Exercise details -> Output only the lines below from the one holding "Hanes Mens Short" down to the one holding "Stamps SUDAN 2003", both end lines included and every picture dropped.

Dataset content below:

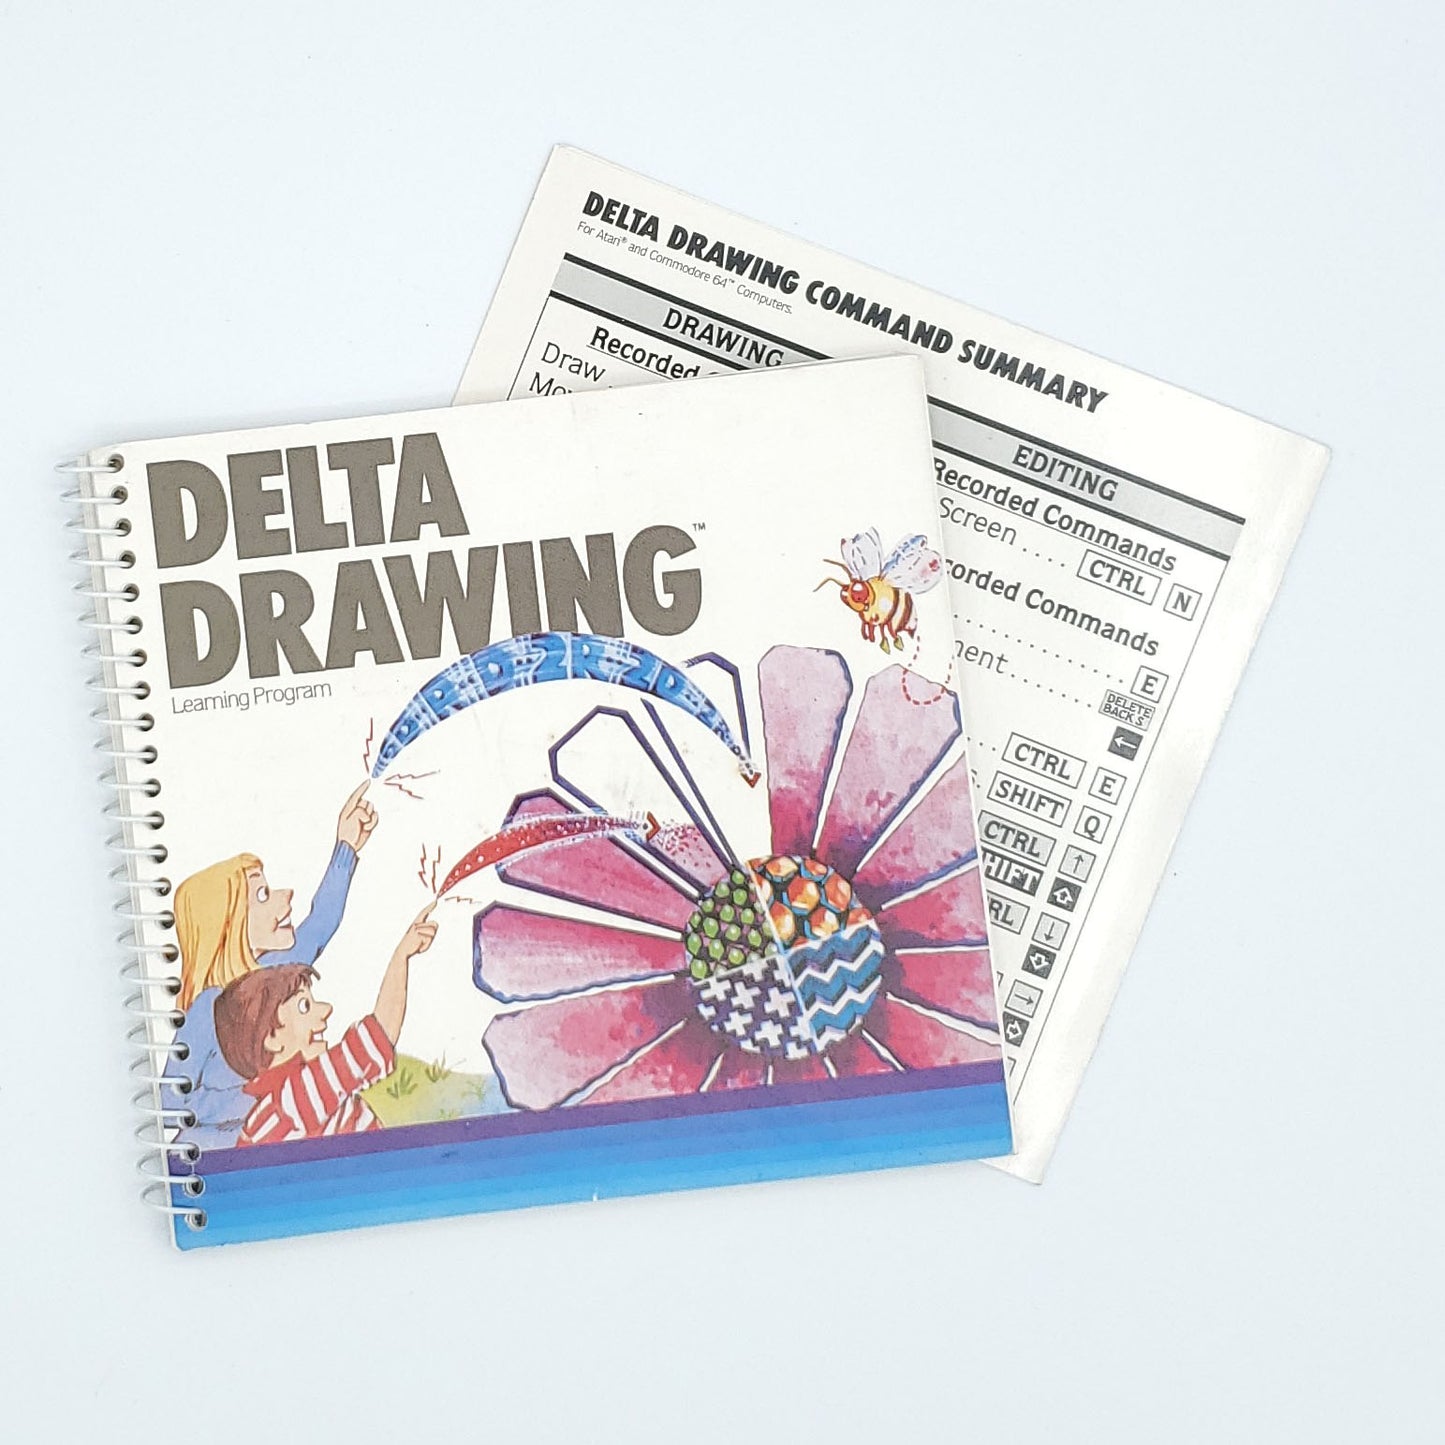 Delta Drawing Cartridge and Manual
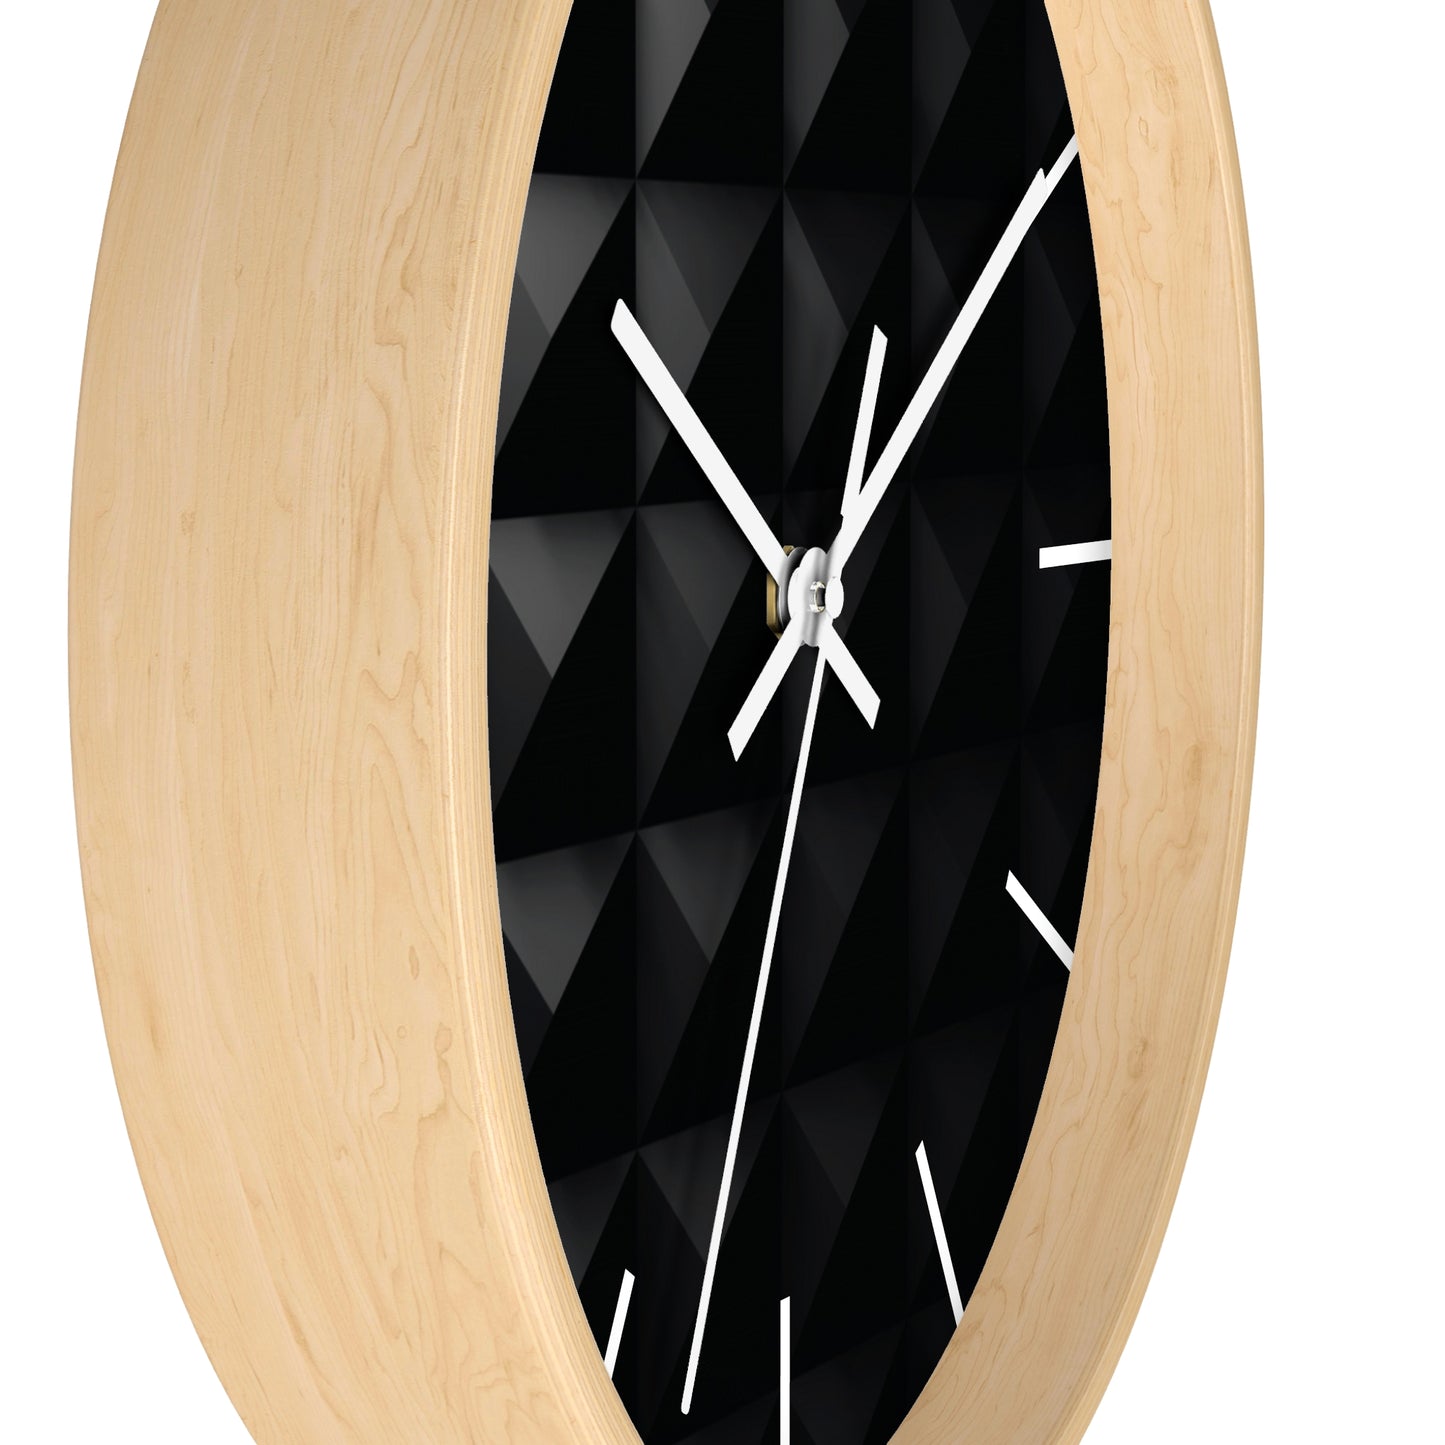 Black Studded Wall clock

End of Dataset content.
Dataset content below:

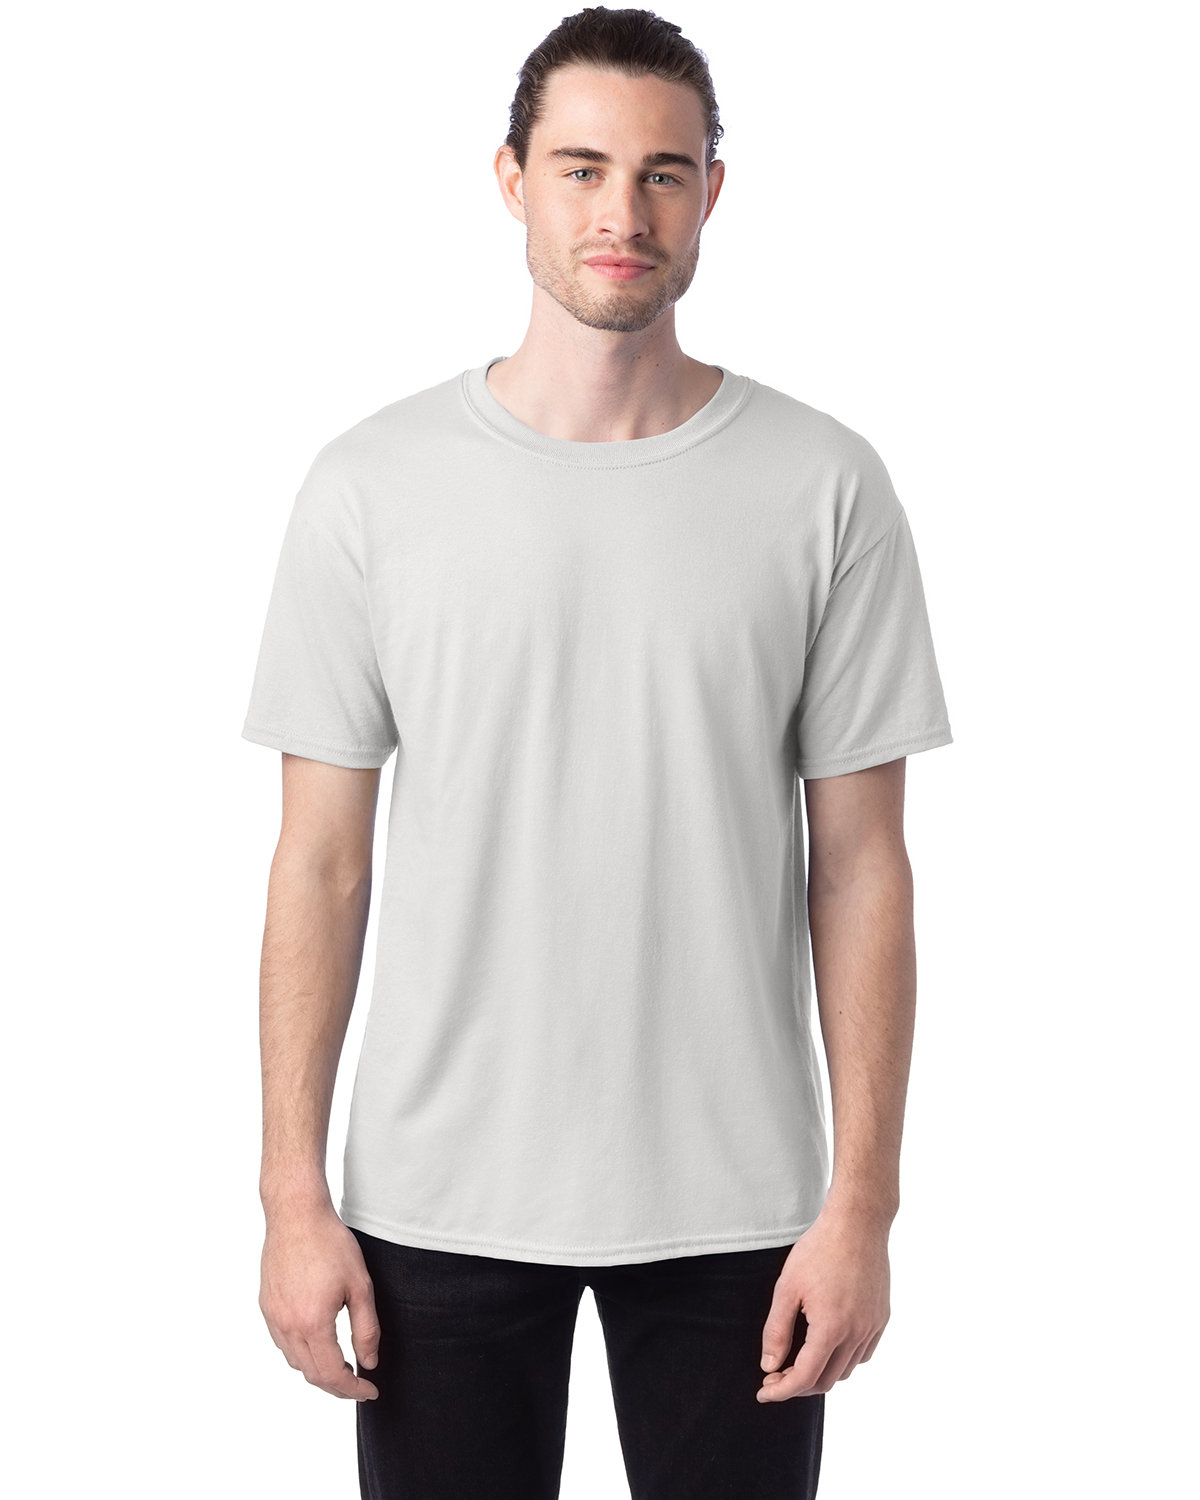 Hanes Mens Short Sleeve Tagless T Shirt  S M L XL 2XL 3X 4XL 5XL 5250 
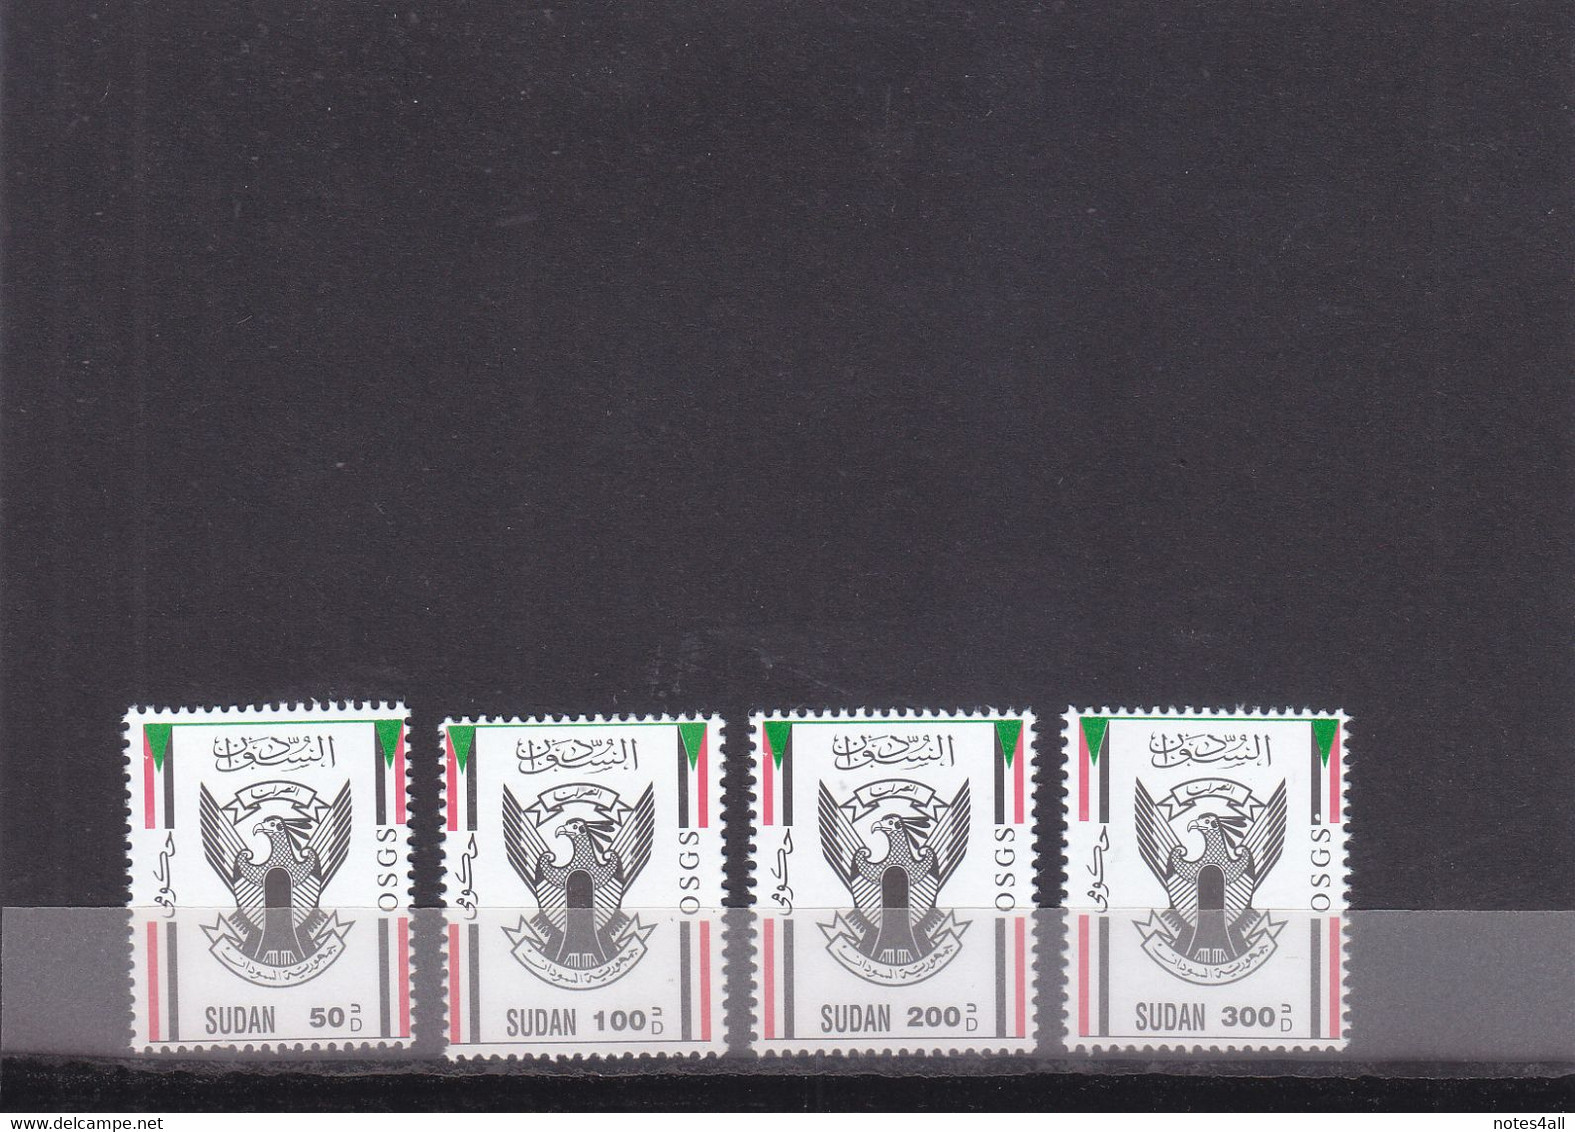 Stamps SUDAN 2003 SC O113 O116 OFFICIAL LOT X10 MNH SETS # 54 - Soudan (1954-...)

End of Dataset content.

Answer to the problem ->
 Hanes Mens Short Sleeve Tagless T Shirt  S M L XL 2XL 3X 4XL 5XL 5250 
 Stamps SUDAN 2003 SC O113 O116 OFFICIAL LOT X10 MNH SETS # 54 - Soudan (1954-...)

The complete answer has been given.